A company selling second-hand Microsoft licences says it has been surprised by the amount of interest it is receiving

A company that began trading in second-hand licences for Microsoft software last autumn has been attracting business from within the UK and internationally.

Disclic has been able to sell over 2,500 second-hand software licences from insolvent or downsizing firms to other businesses through discount-licensing.com.

"As long as we stick to Microsoft terms and conditions we can pretty much do what we want," Disclic director Noel Unwin told ZDNet UK. "We've had interest from America, Australia, India — which is quite surprising as we've specifically focussed our marketing in the UK," added Unwin, who estimated that discount-licensing.com offers savings of around 35 percent.

It emerged last November that it was legal to trade in used licences for Microsoft software, thanks to a loophole in British insolvency laws and a clause within many Microsoft licences that permits disused or unwanted volume licences to be transferred.

The success of the controversial business model was a "no-brainer — businesses are going to get the same version of Microsoft software at a cheaper price," said Unwin.

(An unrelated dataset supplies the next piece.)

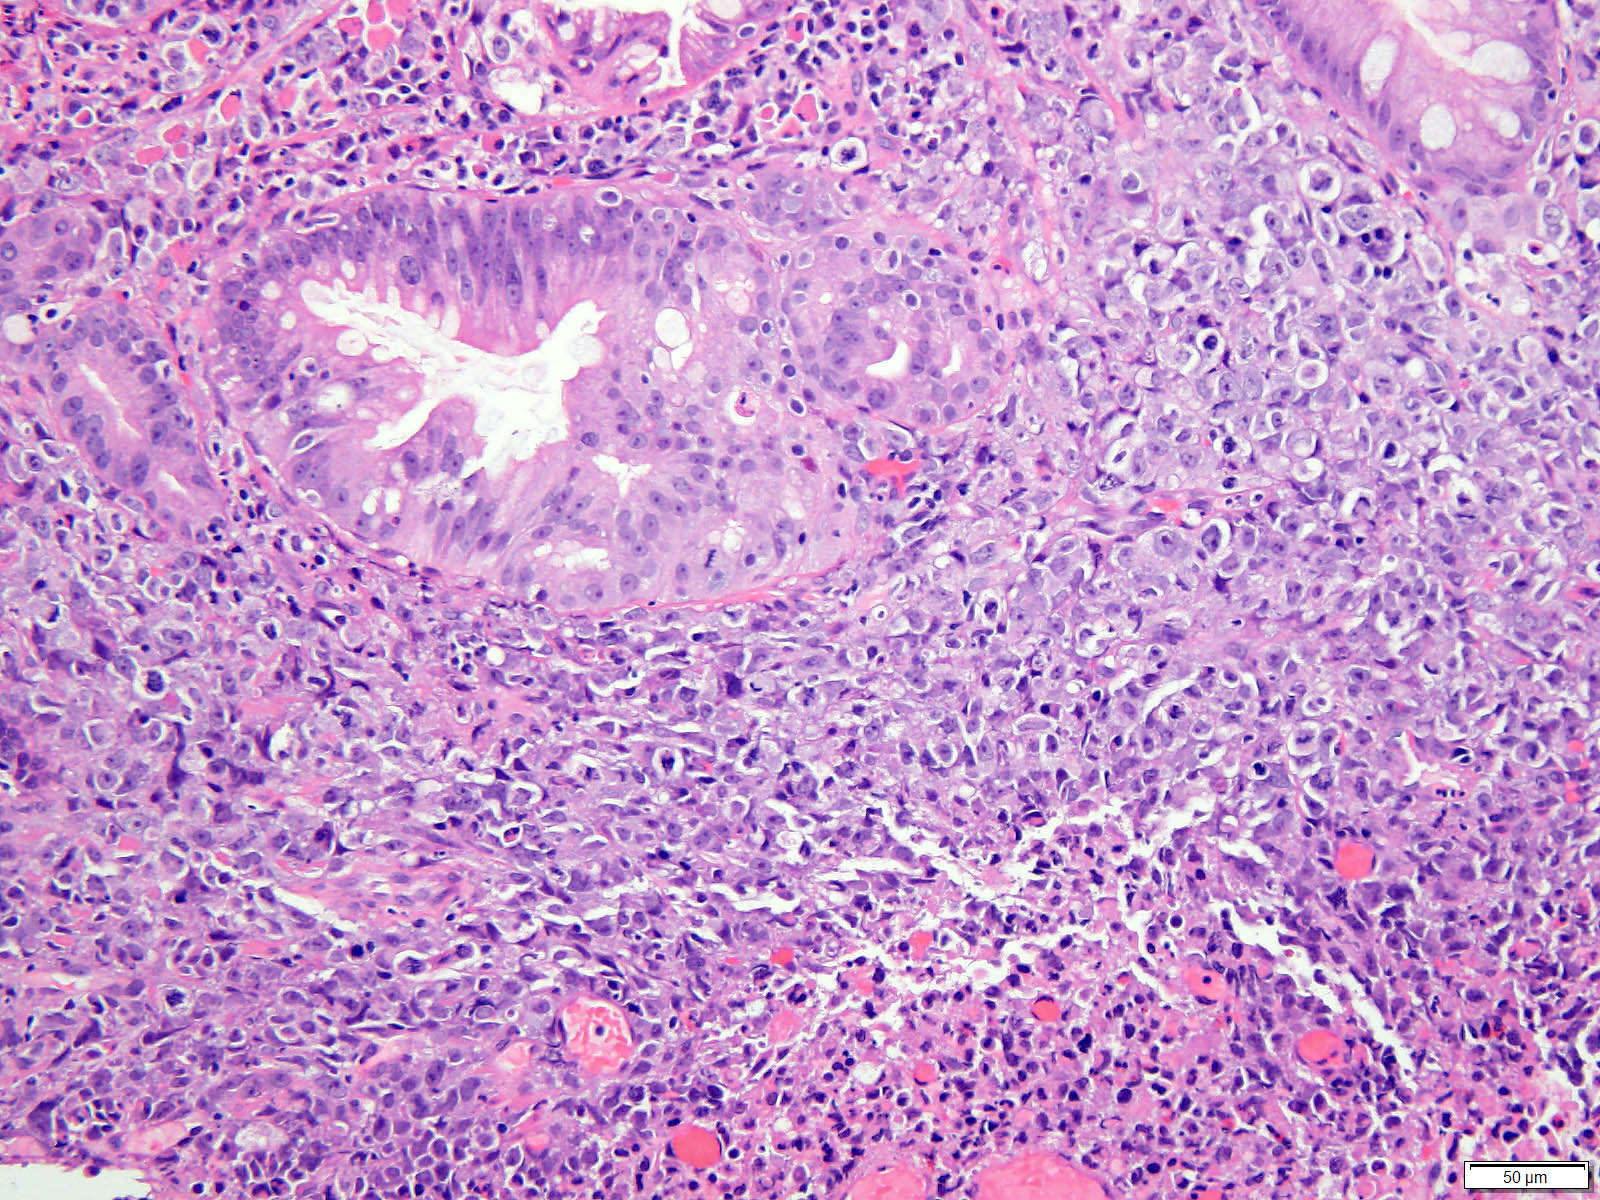 Esophageal Squamous Cell Carcinoma Histology
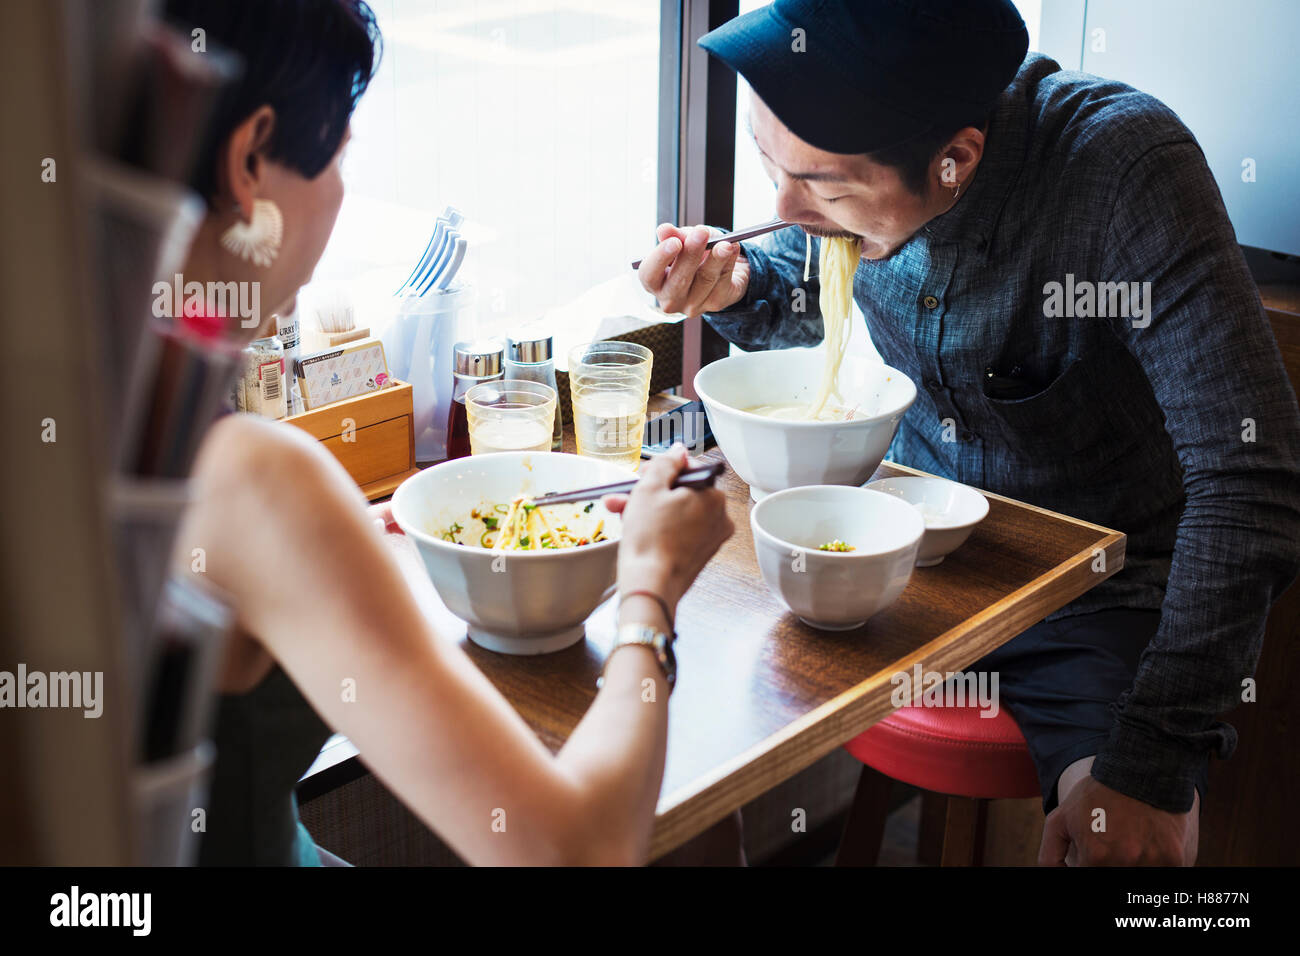 A ramen noodle cafe in a city.  A man and woman seated eating noodles from large white bowls. Stock Photo

The licensing company has sold licence agreements to over 50 customers since November. The biggest seller has been Microsoft Office 2000, followed by XP, Office 2003, Windows Server, SQL and Exchange.

Some software vendors were angered by the launch of the scheme, but more than 20 resellers have now contacted Disclic to discuss purchasing licensing agreements for customers, Unwin said.

Unwin also insisted that the company has a cordial relationship with Microsoft.

"The relationship is fairly good. Everybody seems to be winning. Microsoft are trying to attract businesses to volume licensing, as a lot of companies out there aren't licence-compliant," said Unwin.

"About 5 percent of our sales revenue now comes through resellers, which is quite large considering they were initially worried," Unwin added. "Rubbishing our business model died a death quite quickly once we got resellers involved."